In the South, Prohibition mixed with race into a volatile electoral cocktail. The Ku Klux Klan led cultural attacks against Smith’s fellow Catholics as well as against blacks and Jews, while some Hoover speakers denounced Smith as “Romish,” code for foreign, immigrant, and wet—all anathema to white supremacists. But for all these efforts, Hoover and the Republicans couldn’t quite defeat the Democratic Party’s virtual monopoly on racist politics. While Hoover broke into the Democrats’ “Solid South” for the first time since the Civil War, taking Florida, Texas, and North Carolina, the South remained a Democrat stronghold, and delivered Smith six of his seven state victories.
In the end it wasn’t race or booze that decided the contest of 1928. It was the impulse to drive politics out of politics.
The great political event of the 1920s was not war, or peace, or faction, but scandal. Teapot Dome was the name given to an oil-lease kickback scheme that reached to the highest levels of the government in the administration of Warren G. Harding. Evidence suggests that Harding himself didn’t know about it—when he learned of the scam he was so unnerved that the distress it brought on is believed to have killed him. He died in a hotel in San Francisco, two-and-a-half years into his first term, in August 1923.

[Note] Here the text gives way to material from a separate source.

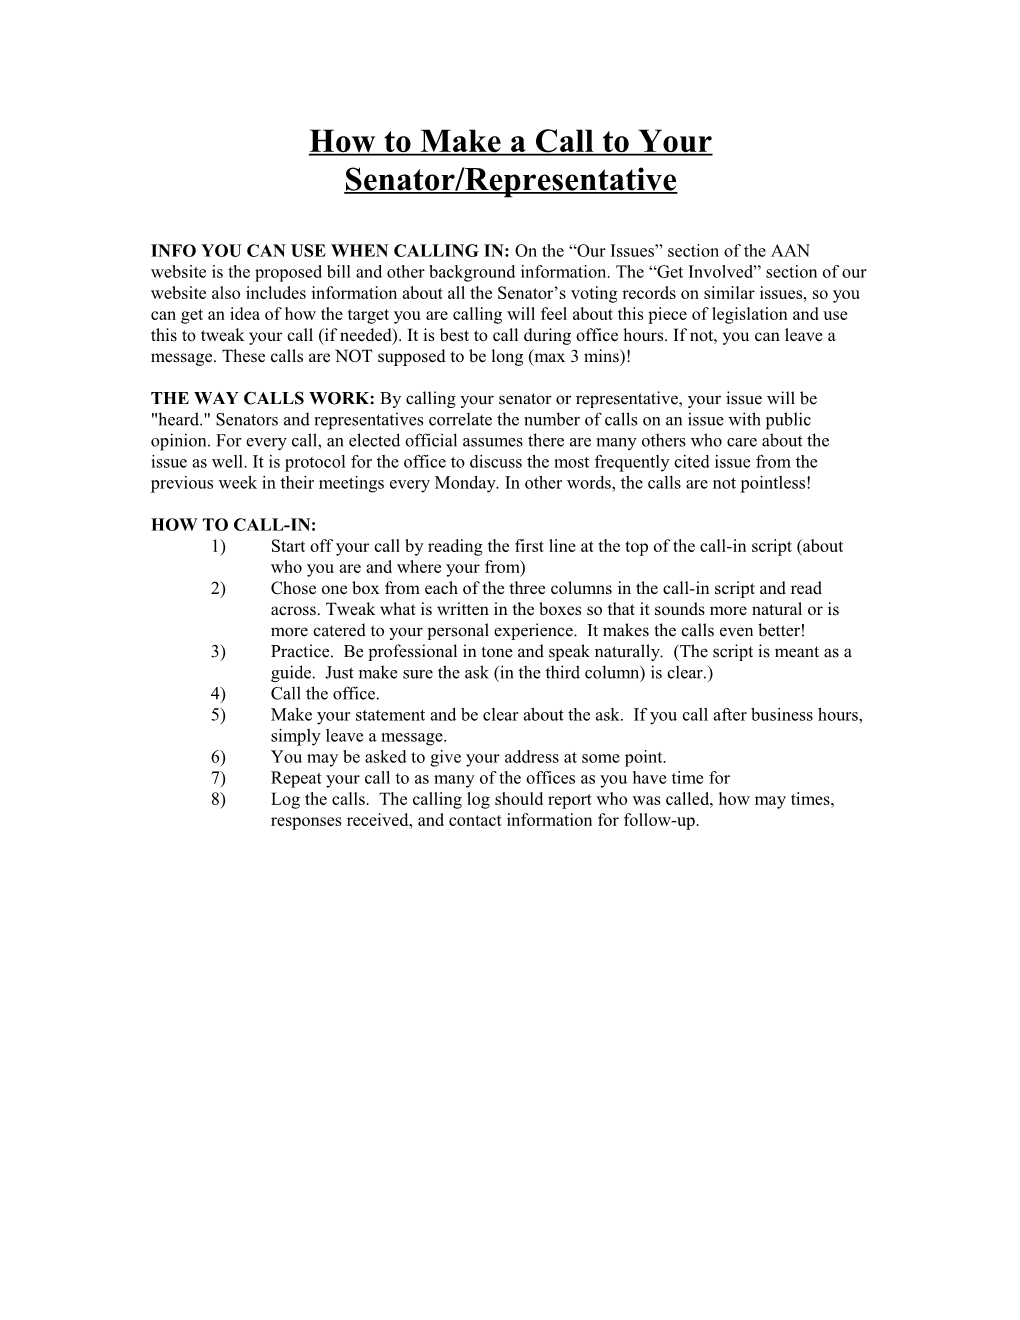 How to Make a Call to Your Senator/Representative

Allegations of misconduct first surfaced in 1922, but the hearings and trials that ensued dragged out for the rest of the decade. At the same time, America’s cities were dominated by political machines, none more corrupt than New York’s political organization Tammany Hall, where Al Smith had got his start.
Hoover presented himself as the antidote to politics as usual. He was a member of the Harding Cabinet but adroitly avoided the spreading stain of Teapot Dome. Instead he relied on his accomplishments as a mining engineer, as a business executive, and as administrator of major relief projects during World War I to claim the mantle of practical, prosaic competence. At a time when the public was disgusted with politics, he was the definitive anti-politician.
New York Times correspondent Anne O’Hare McCormick spoke for the electorate when she wrote, in 1929, “We had summoned a great engineer to solve our problems for us; now we sat back comfortably and confidently to watch the problems being solved. The modern technical mind was for the first time at the head of a government… Almost with an air of giving genius its chance, we waited for the performance to begin.”
What followed was the crash on Wall Street, and the Depression. Hoover was active, but he failed to connect with a suffering populace. His financial policies were innovative but they worked no miracles, and the idea of a politician allergic to the practice of politics quickly lost its charm.
There are few political maxims that serve in every circumstance, as the career of Herbert Hoover should demonstrate. But if the election of 1928 holds a lesson for today it might be this: Be careful what you wish for.